We preprocess First HAREM and MiniHAREM datasets using the code made available by Souza et al. . For the models using the English vocabulary, we replace accented characters (e.g., ã, ó) with its closest non-accented representation (e.g., a, o). The entity tags are exactly their natural language labels. For instance, “Organização” is used to identify organizations. Due to the limitation of 512 tokens of the T5 model, all examples that are longer than 512 are divided into smaller segments using a sliding window technique and a stride of 256 tokens.

During the validation phase, a beam search decoding method of width 5 is used to generate the output sequence, followed by a token labeling postprocessing that uses the BIO format. For example, if the model generated “John [Person] lives in [Other] New York [Local]”, we would mark the words in the sequence as B-PER, O, O, B-LOC, I-LOC. This format stands for Begin, Intermediate and Out of context tokens and allows us to easily compare with other works. However, as a drawback, any non-entity token inserted or forgotten on the output that does not exist on the input sentence can lead to misalignment of the predicted and true labels sequences, thus impacting performance negatively.
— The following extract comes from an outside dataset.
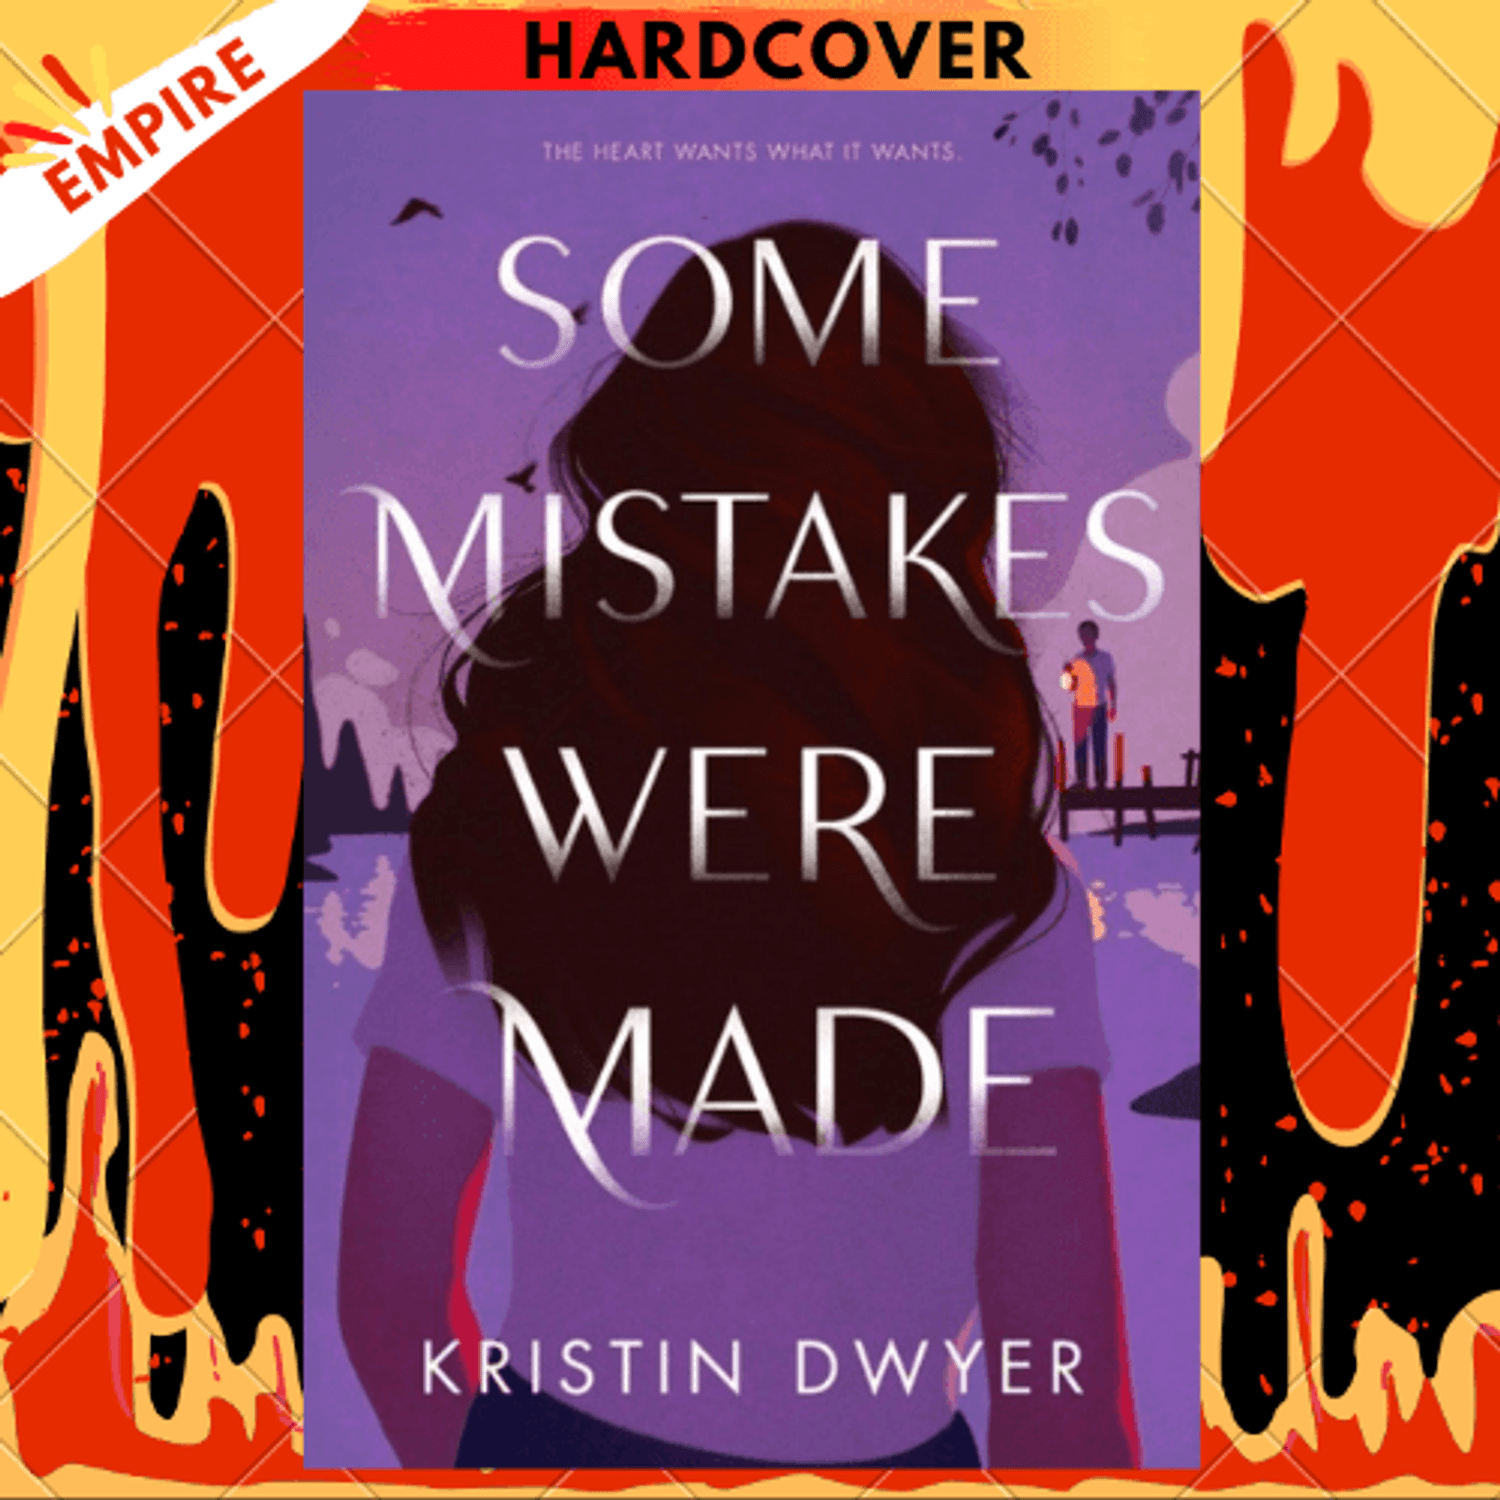 Mistakes Were Made by Meryl Wilsner - Audiobook

The results are shown in Table 6. Our language-specific pre-training (PTT5) helps improving upon the original T5 pretraining, with a slight gain when a Portuguese vocabulary is used. Nevertheless, Portuguese BERT still performs better than PTT5 by a small amount.

Table 7 shows that most degrading point of the performance comes from detecting the Value entity.

Conclusion

We pretrained T5 models on a large Brazilian Portuguese corpus. The resulting models achieved better performance than the original T5 models on the Portuguese sentence entailment and NER tasks. Moreover, using a Portuguese vocabulary proved to be better than using the original T5 vocabulary. Finally, for ASSIN 2 tasks, we found that pretraining all weights leads to better performance than pretraining the vocabulary embeddings only. Despite having achieved better results than the top-submissions to the ASSIN 2 leaderboard, our Portuguese T5 model is still a few points below to the state-of-the-art model, a Portuguese BERT Large model (BERTimbau Large).

Acknowledgements

We thank Google for the free TPUs and Google Cloud credits. This work was initially developed as the final project for the IA376E course taught by professors Rodrigo Nogueira and Roberto Lotufo at the University of Campinas (UNICAMP).